Tell us about your family.
My father is a cloth merchant and my mother is a homemaker based in Jamshedpur. My younger brother is an investment banker. He is extremely hard working and a workaholic. We live in a joint family.
What hobbies or interests do you engage in your time?
My maternal uncle introduced me to running. The found it very liberating. Since then I have constantly engaged in running, trekking and tandem cycling. I have trekked throughout Maharashtra, ran multiple marathons and tandem cycling in mountains. I strive to better my timing, endurance with every activity.
People who have had a big influence in your life.

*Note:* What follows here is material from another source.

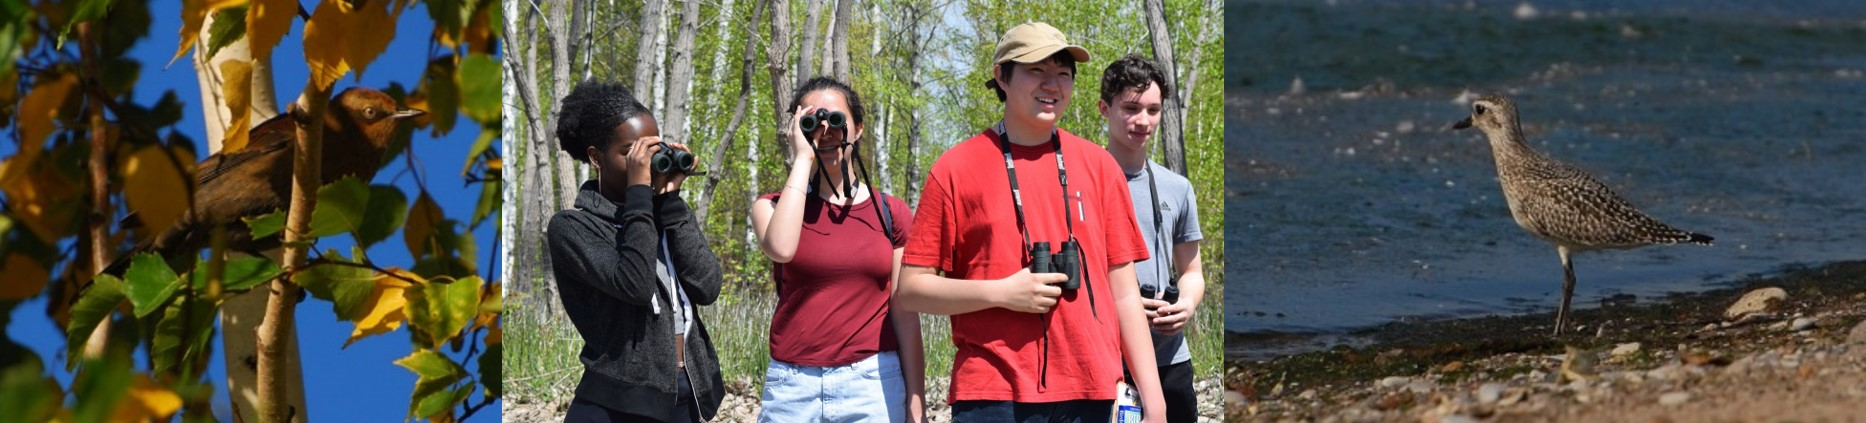 Three photos - Rusty Blackbird; youth with binoculars; Shorebird

There are 3 people who have a great of influence in my life.
Firstly, my brother. I admire his drive to achieve and excel. He is an example that there’s no shortcut to success and that hard work always pays off.
Second would be Venkat Krishnan, Founder of Give India Foundation. It helps raise funds and contributions from individuals across India and the world and then disburses these donations to credible Indian NGOs. I had the opportunity of meeting him and sharing my idea for the Atypical platform.
Third is Nipun Mehta, Founder of ServiceSpace, an incubator of gift economy projects that inspires people to be the change they wish to see.
Is there any ask of alums?
I would urge alums to consider doing three things:
- Consider being inclusive in your company or organization and provide opportunities to PwD’s as equals, not out of pity or sympathy. You can choose Atypical for hiring purposes and the good news is that paying Atypical for isn’t necessary.
- Buy art from PwD’s artists if you see the merit. They have been one the worst hit during the covid times and we would really appreciate if you can support them. You can use the Atypical platform to browse through all the incredible art curation.
- We at Atypical invite alums to volunteer and provide their insights to making this platform a success.